Starting A New Job Remotely? Here’s What You Need To Do

Starting a new job remotely comes with a few challenges. You won’t be able to meet your manager or colleagues in person, and those relationships will feel different with everyone separated by screens rather than offices. The onboarding process will be more hands-off and much of your work will be self guided. You’ll have to take on more responsibility to get your bearings and get settled. Even though you’re working alone, you aren’t on your own. Your coworkers and manager are still there, just not directly.

To hit the ground running with a new remote job, here’s what you need to do.


Meet your manager and coworkers.

It’s incredibly important to build a relationship with your manager and coworkers from day one when working remotely. In an office, you have the luxury of casually chatting with people and more organically building relationships. With remote work, it has to be much more intentional due to the lack of face to face contact between people. Most of your contact will be solely focused on work rather than also including casual interactions that would happen in an office.

Consider sending out a quick ‘hello’ email as an introduction to everyone on the team, and let your coworkers know you’d be happy to chat to get to know them better. You could even suggest a Zoom happy hour or other informal video get-together after work hours to meet each other.


Set up a video call with your manager.

Hopefully, a video call with your manager will be part of the onboarding process, but if it’s not, you should absolutely reach out to your manager and request it. This allows you to both meet virtually face to face and get to know each other. It’s much easier to build a relationship when both people can see each other and put a face to the name.


Ask more questions.

When in doubt, ask questions. Rather than trying to figure things out on your own, ask someone for help. Remote work is new for most of the workforce, so chances are that someone else also had the same questions as you when they started. Save yourself some trouble and just ask – there’s no harm in asking questions, and it won’t make you look like you don’t know what you’re doing. In fact, asking questions to get yourself situated might actually make you look better in your manager’s eyes. It shows that you’re engaging in your new role and taking responsibility for your development.


Identify your go-to person for questions.

In an office, your go-to person for questions would typically be someone who works nearby. When your job is fully remote, your go-to person should be someone you’ll be working closely with who’s in the same time zone as you. Find someone on your team who you can quickly build a virtual connection with, and ask them if you can reach out when you have questions, especially in your first few weeks.

Establish the best way to get in touch with each other to ensure that there aren’t any big delays in communication. That can be by email, messenger, text, or even phone calls. Be flexible with how you communicate – if the other person has a strong preference for one method, it’s easiest to use that. Remember that they’re helping you, so it’s best to be accommodating.

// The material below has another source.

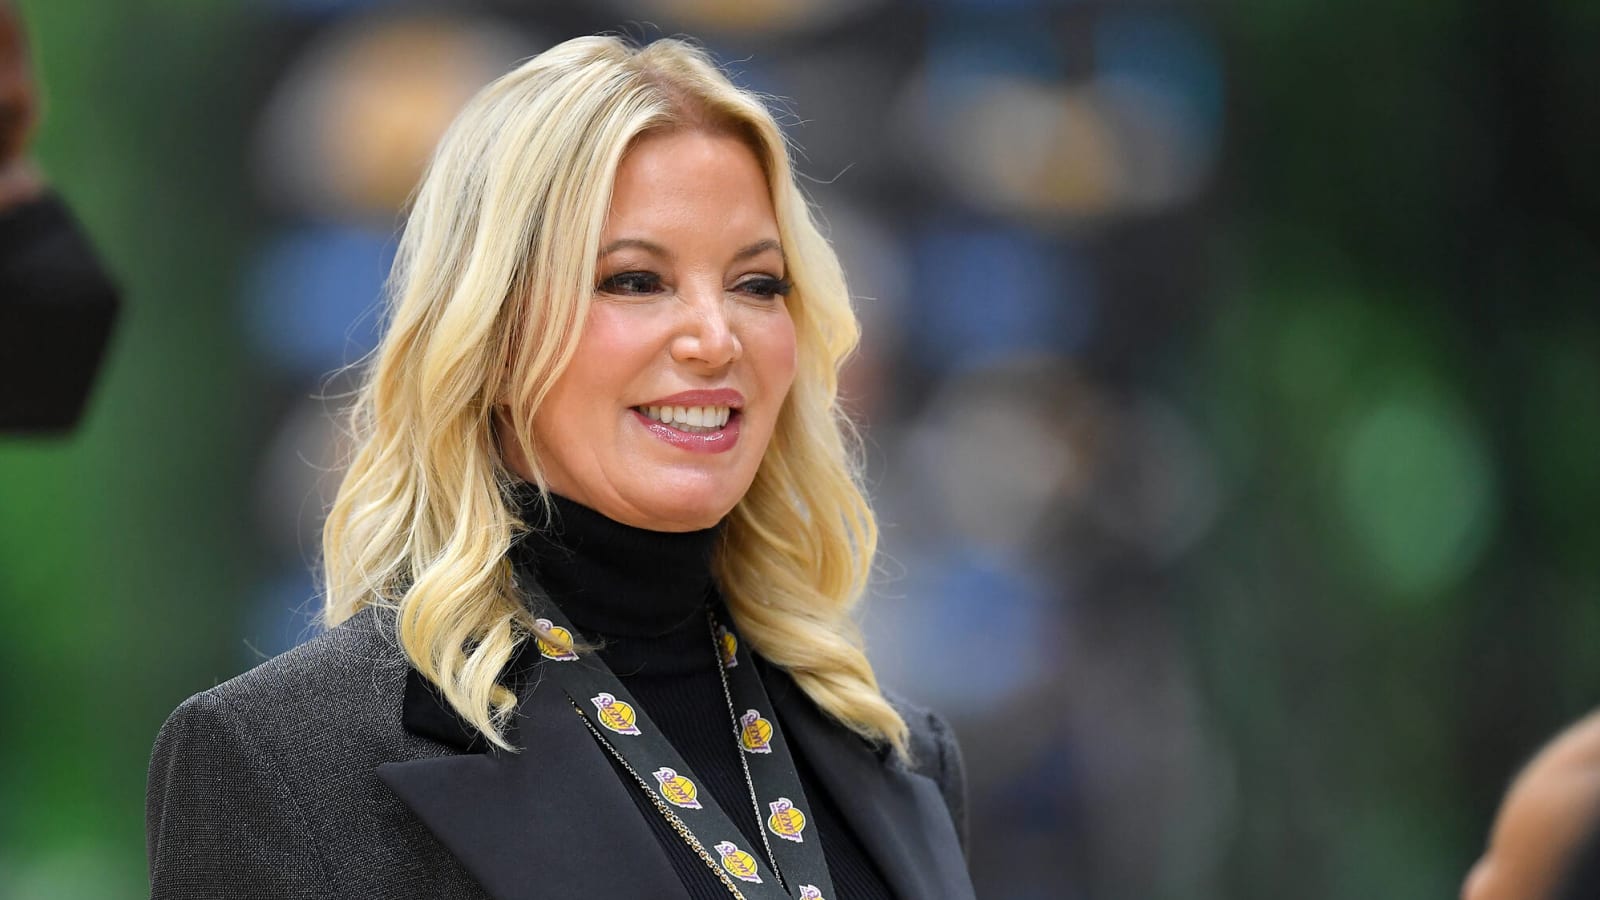 Jeanie Buss: Life, Career & Facts

Learn how your team communicates.

The best way to ensure your first few weeks of remote work will go smoothly is to ensure that you understand how people will be communicating. It’s important to know how important information will be sent out, what the expectations are for conference calls, and if email, Slack, text, or phone calls are the norm for simple communication. The only way to find out which methods of communication are used is to ask, so be sure that this is something that’s covered during your first few days.

Pay attention to how your team communicates. What’s the tone of the emails from your manager and between coworkers? When people are chatting on Slack or on Zoom, how formal are they keeping the conversation? Do people tend to email or Slack more often? What’s the policy on texting? Most of the questions can be answered simply by observing the way people communicate. If you’re still unclear, ask! It’s also worth asking your new colleagues what methods of communication they use and how things work, as the official ways aren’t always followed.


Set up your workspace.

If this is your first time working remotely, get your workspace set up so that you’re ready to go on day one. It can be tempting to work from the couch, but that isn’t going to help your productivity nor put you in the right frame of mind for working.

Ensure that you have a desk with a comfortable chair as well as any tech that you need. If your company will be providing you with a laptop or work accessories, get those set up the night before you start. This way you can focus solely on the onboarding process on your first day. The same goes for installing any necessary software on your existing computer, you’ll want to get it up and running before your first day so you don’t have to worry about it.